>>>>

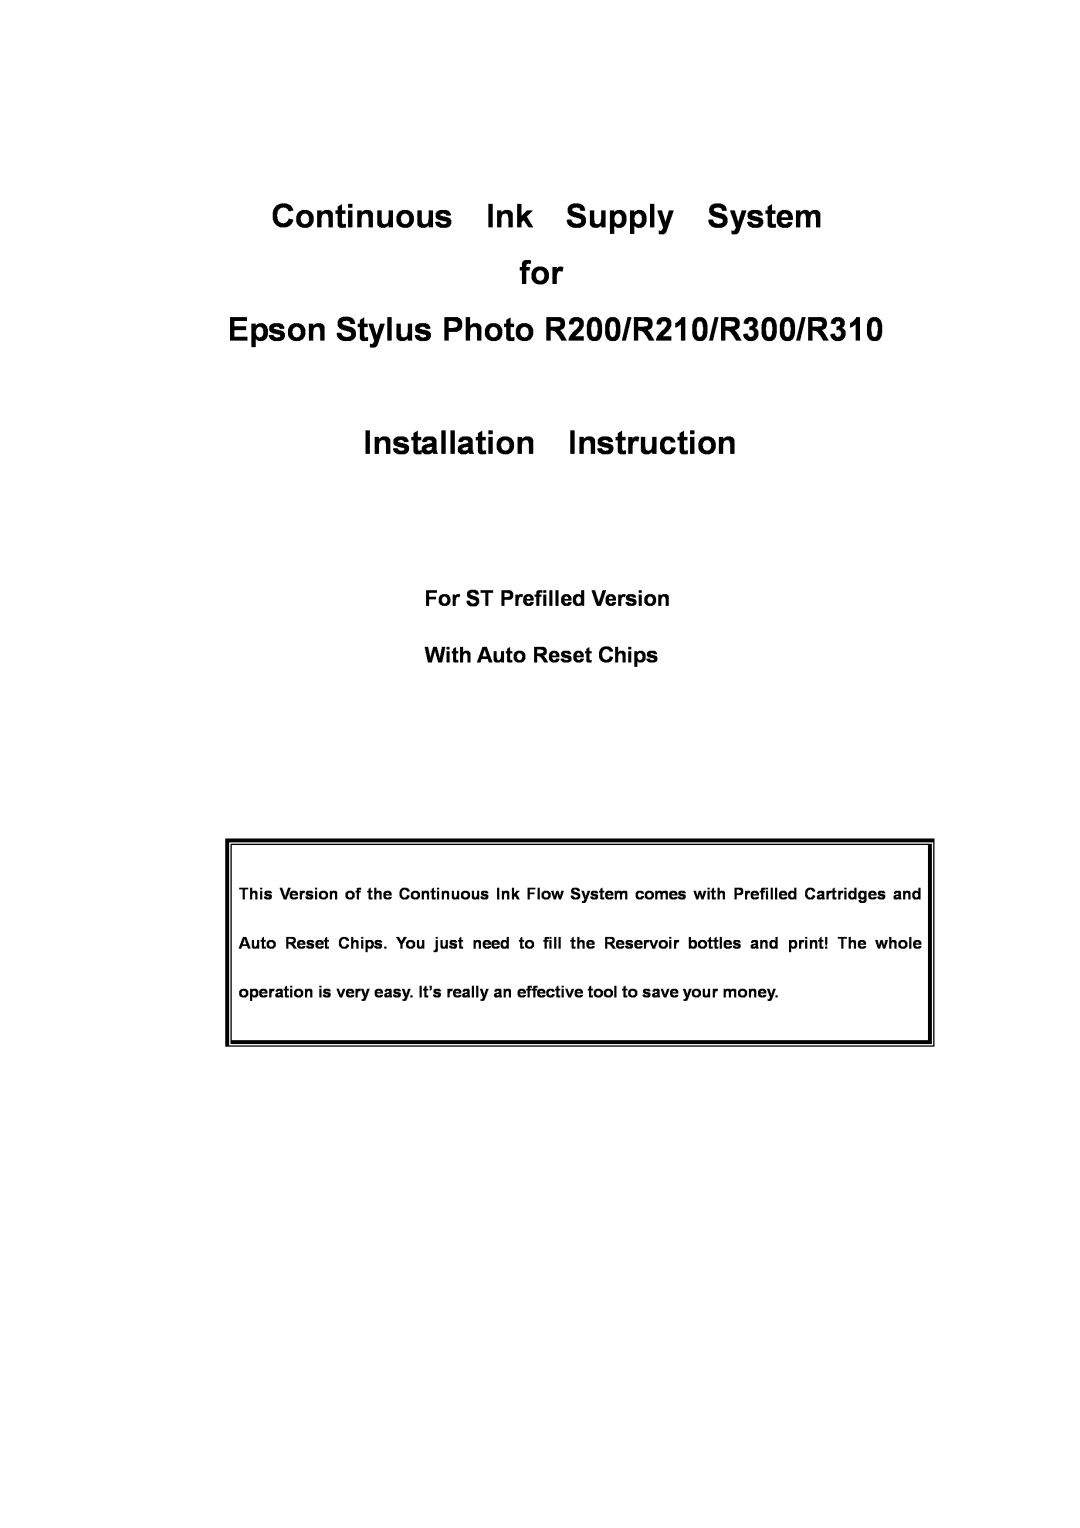 Epson R210 manual For ST Prefilled Version With Auto Reset Chips, Continuous Ink Supply System for 
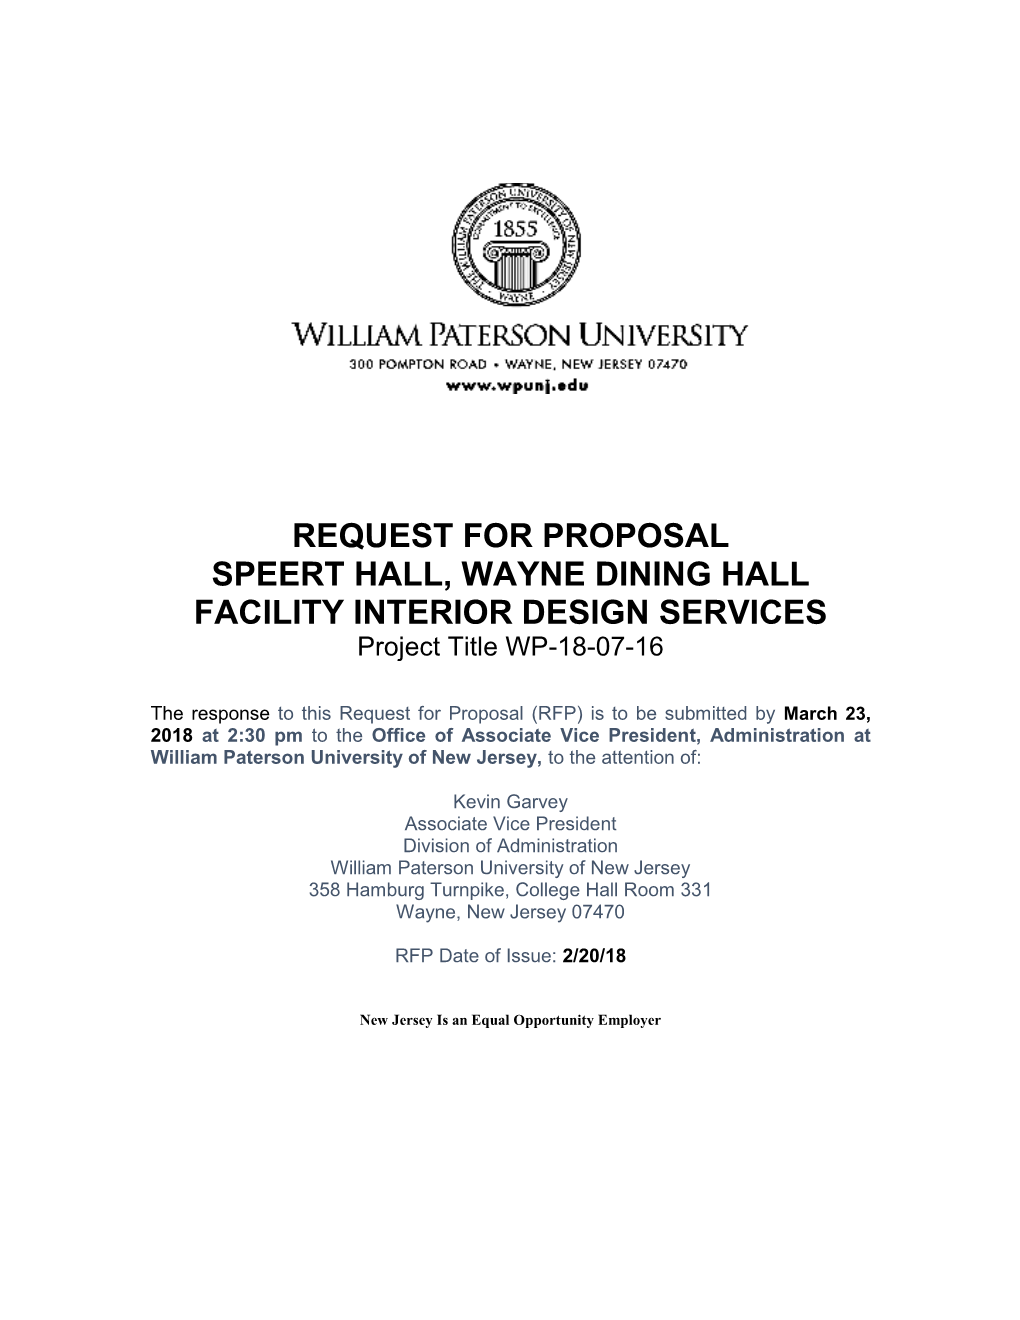 REQUEST for PROPOSAL SPEERT HALL, WAYNE DINING HALL FACILITY INTERIOR DESIGN SERVICES Project Title WP-18-07-16
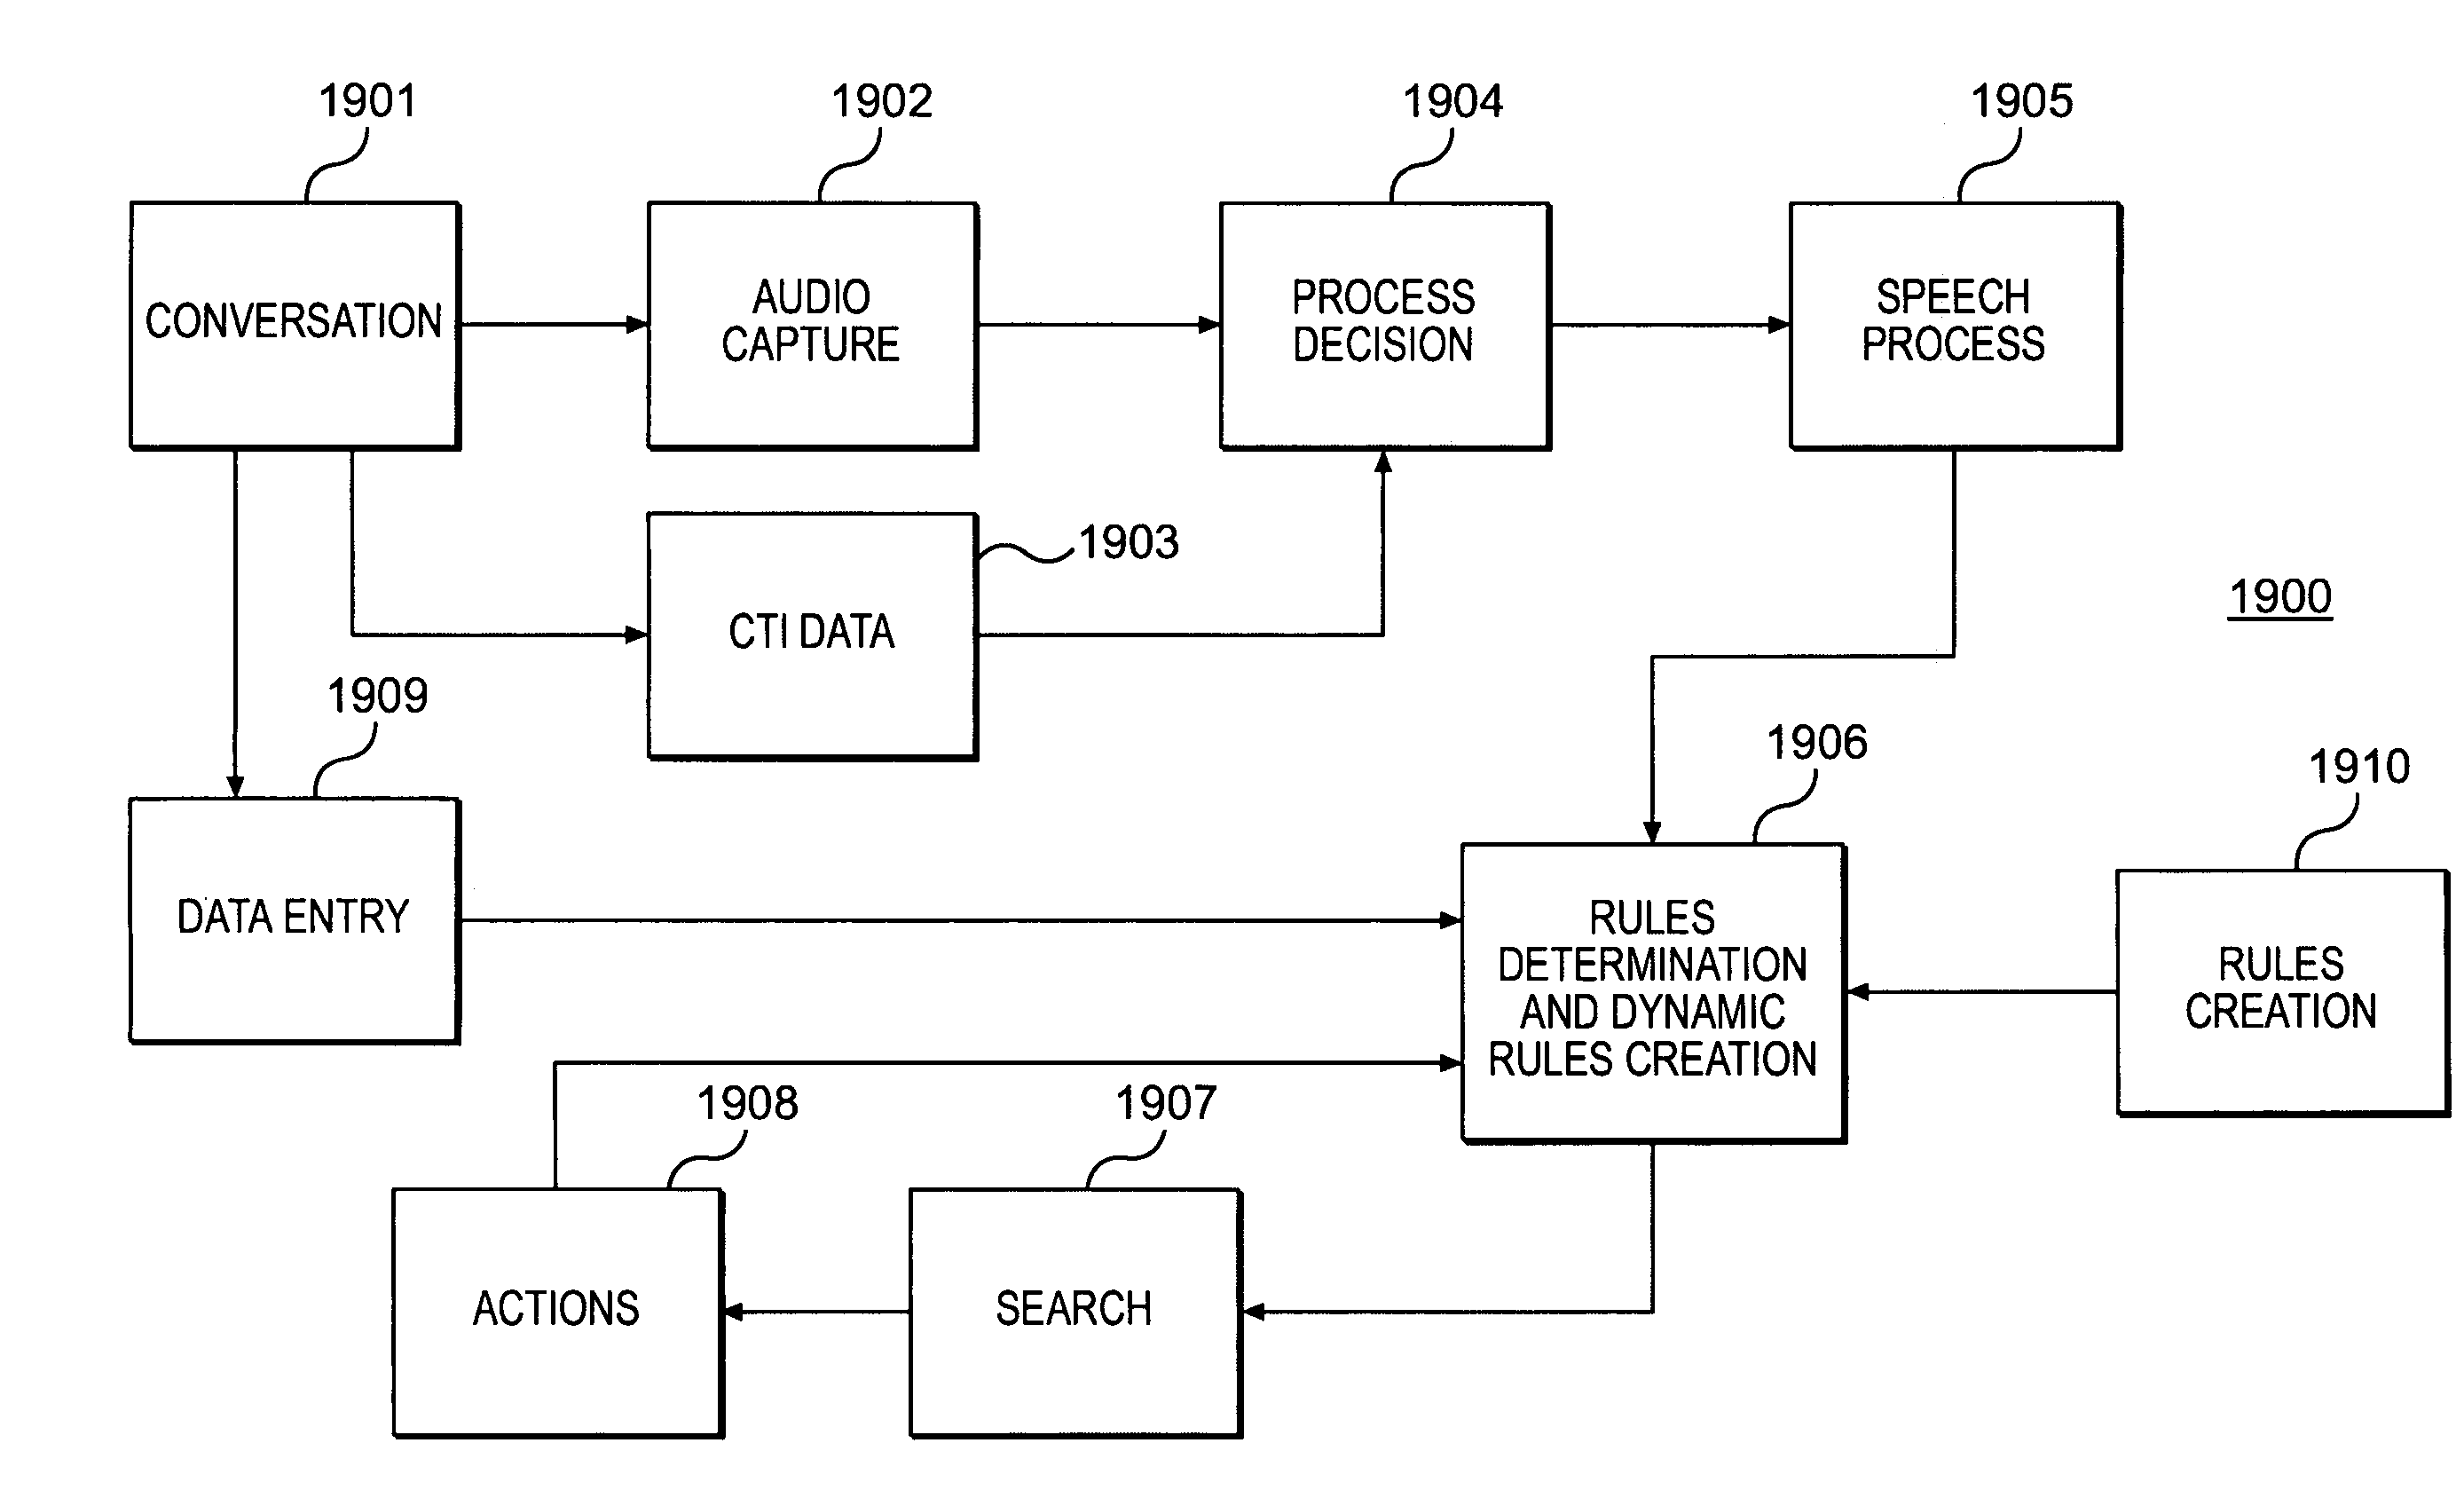 Methods and apparatus for audio data monitoring and evaluation using speech recognition

<<<<

→ **Task goal**
The full data, repeated exactly and stripped of its pictures, is the expected answer.

→ **Response to the exercise**
 Epson R210 manual For ST Prefilled Version With Auto Reset Chips, Continuous Ink Supply System for 
 REQUEST for PROPOSAL SPEERT HALL, WAYNE DINING HALL FACILITY INTERIOR DESIGN SERVICES Project Title WP-18-07-16
 Methods and apparatus for audio data monitoring and evaluation using speech recognition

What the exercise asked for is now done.